FDA Approves TCH Combination for HER2-Positive Early Breast Cancer
The Cancer International Research Group (CIRG), a division of TRIO (Translational Research in Oncology) announced that, based on its study BCIRG 006, the US Food and Drug Administration (FDA) has approved a new regimen known as TCH (docetaxel [Taxotere] and carboplatin combined with trastuzumab [Herceptin]) for the adjuvant treatment of HER2-positive early breast cancer. The AC-TH regimen (doxorubicin and cyclophosphamide followed by docetaxel and trastuzumab), also investigated in the BCIRG 006 study, received approval at the same time. This is the first taxane-based non–anthracycline-containing chemotherapy combined with trastuzumab to receive FDA approval.

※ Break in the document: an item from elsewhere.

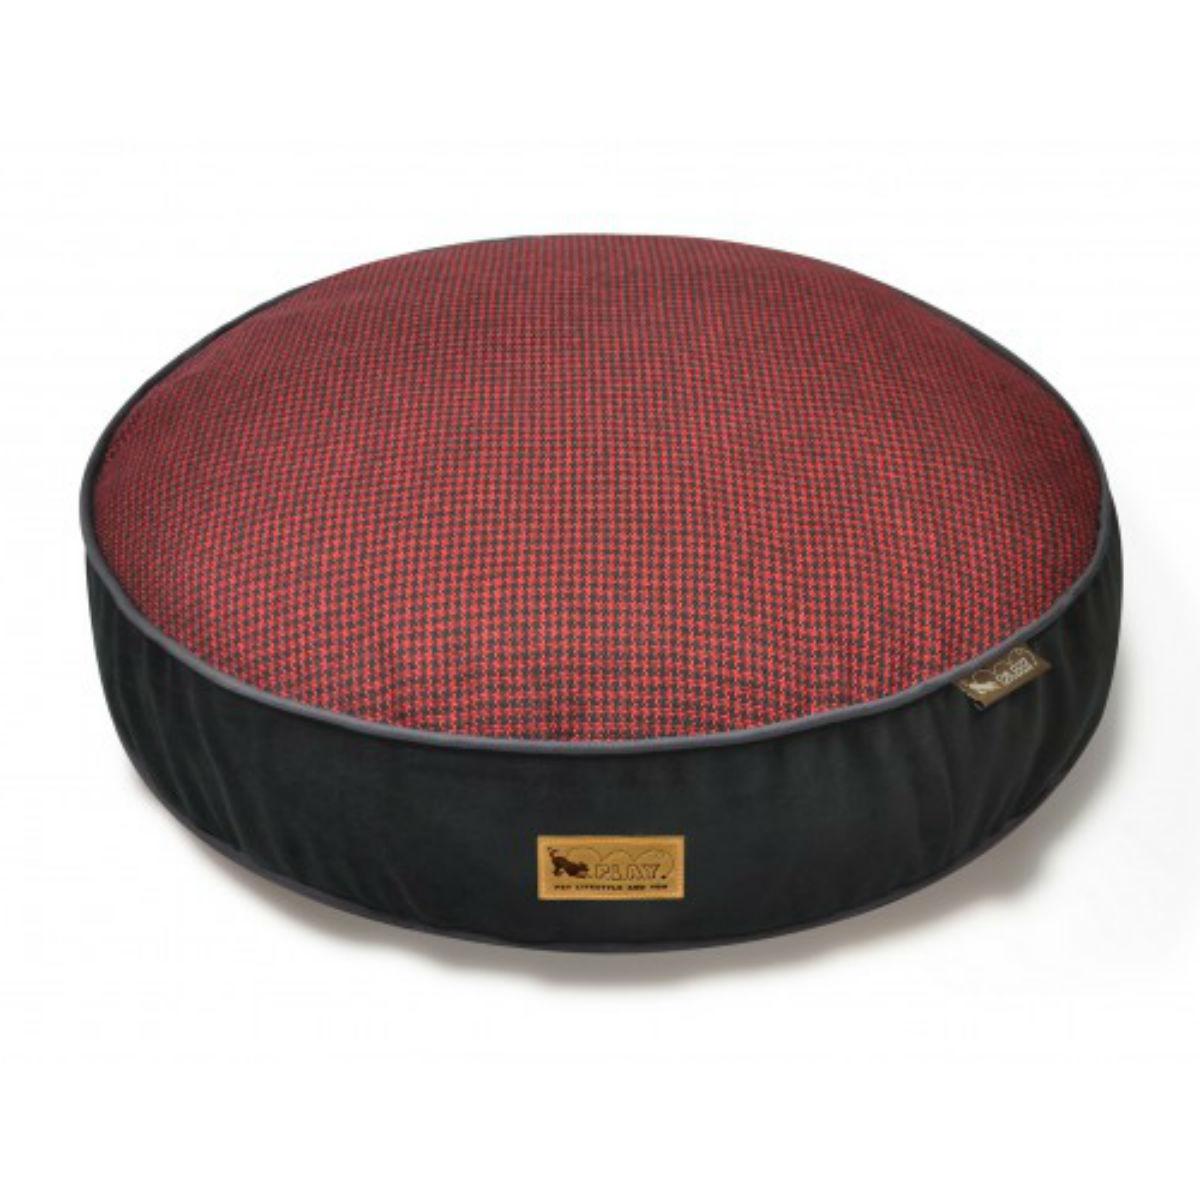 P.L.A.Y. Houndstooth Round Dog Bed - Cayenne Red

Results from the BCIRG 006 clinical trial showed that the TCH regimen reduced the risk of disease recurrence by one-third (hazard ratio [HR] = 0.67; 95% confidence interval [CI] = 0.54–0.83; P = .0003), compared to the AC-T control arm. The experimental AC-TH treatment reduced the risk of disease recurrence by 39% (HR = 0.61; 95% CI = 0.49–0.77; P < .0001), compared to the AC-T control arm.
The DFS benefit of TCH and AC-TH was present regardless of a patient’s age, the tumor responsiveness to hormones (hormone receptor status), or whether or not the cancer had spread to lymph nodes (nodal status). There was no statistically significant difference in DFS between the two experimental arms (TCH and AC-TH).
Overall survival was also significantly improved with the TCH regimen, with a 34% reduction in the risk of death (HR = 0.66; 95% CI = 0.47–0.93; P = .0182) compared to the AC-T control arm. Similarly, AC-TH was associated with a 42% reduction in the risk of death (HR = 0.58, 95% CI = 0.40–0.83; P = .0024) compared to the AC-T control arm. There was no statistically significant difference in overall survival between the TCH and AC-TH arms.
Other Key Results
Moreover, with the TCH regimen, the risk of congestive heart failure was fivefold lower compared to that observed with AC-TH (0.4% vs 1.9% vs 0.3% in women treated with TCH, AC-TH, and AC-T respectively).
“The BCIRG 006 trial results give us a new option for the treatment of HER2 positive breast cancer. This approach exploits the most recent molecular information regarding the HER2 alteration allowing us to retain the remarkable benefits of Herceptin while leaving behind almost all of the major side effects,” said Professor Dennis Slamon, professor and chief of hematology-oncology at UCLA and CIRG chair. “The BCIRG design, while initially received controversially, was based on clean preclinical evidence that led us to test a novel combination of drugs in breast cancer.”